Le feu couvait depuis plusieurs années… des années de mal-être et de fatigue. L’étincelle a été l’agression de Viry-Châtillon, lorsque deux policiers se sont retrouvés aux urgences après une agression au cocktail molotov. Le choc émotionnel a fait s’envoler la peur de la sanction, décidé plusieurs dizaines de policiers à laisser leur devoir de réserve de côté pour descendre dans la rue pousser un cri d’indignation et de colère.

« On est en 2016, ça peut péter à tout moment. »

Romain*, la trentaine, gardien de la paix dans l’Ouest parisien.

Manifestant à visage découvert, Romain est gardien de la paix depuis huit ans. Pour celui qui a fait ses classes en province, « la situation ne fait que se dégrader. On a des armes de seconde main, des voitures qui roulent à peine. » Le regard direct, il décrit un quotidien stressant, plus qu’il ne devrait l’être.

« On a signé, on prend des risques, on le sait. Mais le risque, il doit être calculé. Il faut qu’on puisse, nous aussi, travailler en sécurité. Quand les risques ne sont pas calculés, comme pour les collègues de Viry-Châtillon (…), effectivement on peut dire qu’on n’est pas assez préparés. On a aussi la légitime défense qui est difficile : on a un millième de seconde pour décider si on va en prison le soir, si on meurt ou si on reste vivant. »

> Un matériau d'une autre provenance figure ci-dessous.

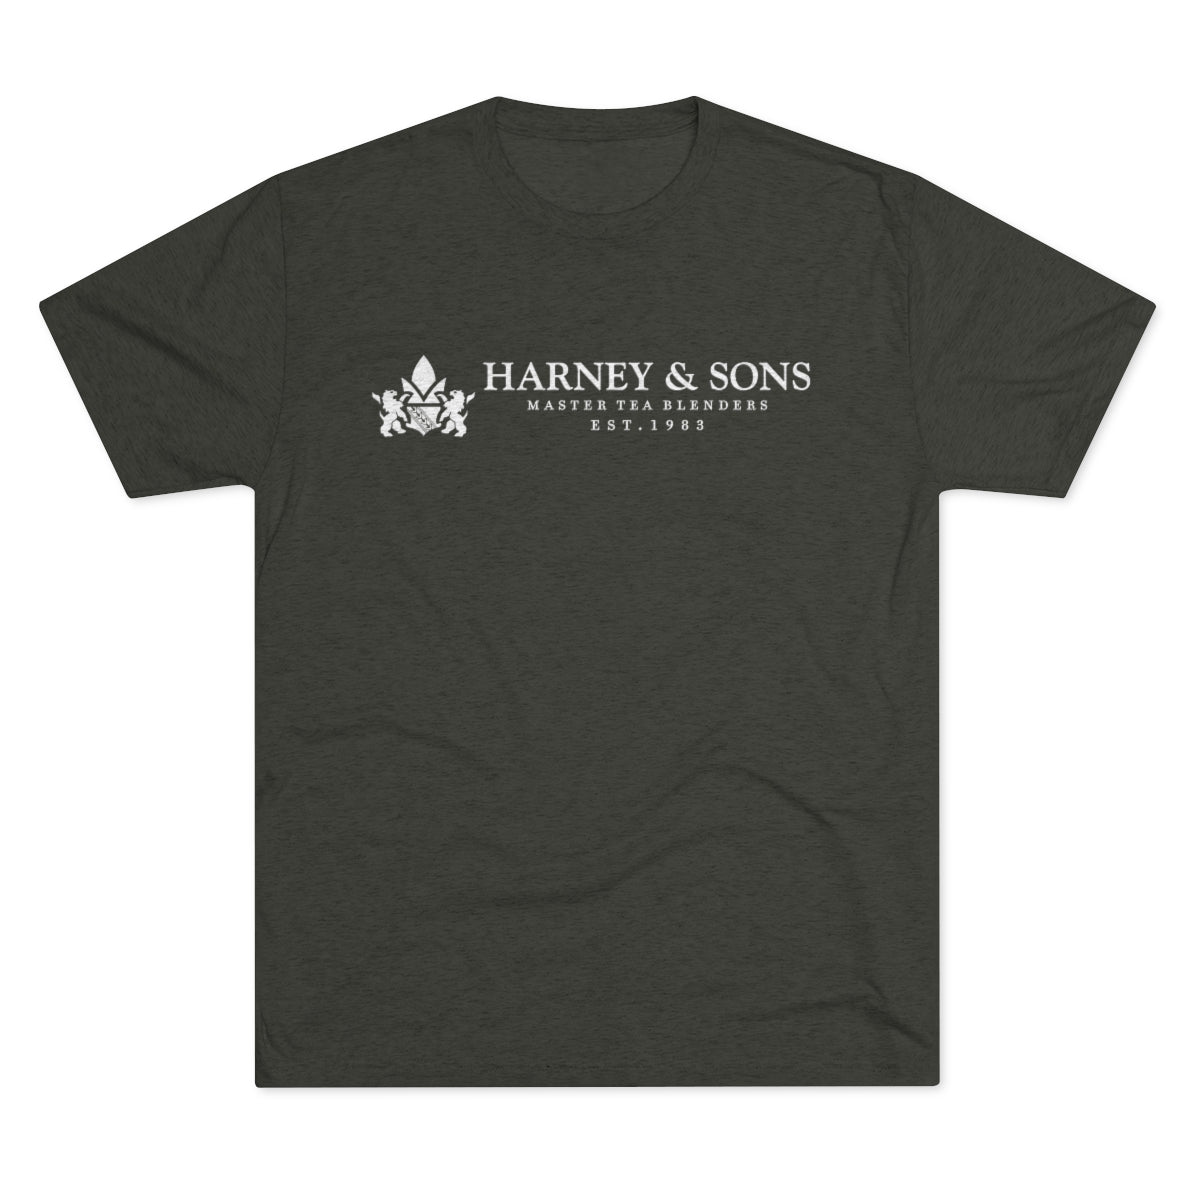 Harney & Sons - Est. 1983 Graphic Tee - Tri-Blend Macchiato S - Harney & Sons Fine Teas

« Il y a aussi des interventions qui ne se font plus, parce qu’on est pris sur des missions de garde statique, par exemple (…). Ou bien lors des cambriolages, il faut parfois attendre deux ou trois jours avant que l’on vienne faire les relevés des traces et indices. »

Syndiqué, Romain ne compte plus sur ses délégués pour porter sa parole. Il aimerait que ce mouvement puisse amener de nouvelle idées, « comme par exemple affecter tous les jeunes qui sortent de l’école de police en Île-de-France. Ils seraient opérationnels bien plus vite. »

« Nos missions de simples flics ne sont tout simplement plus remplies. »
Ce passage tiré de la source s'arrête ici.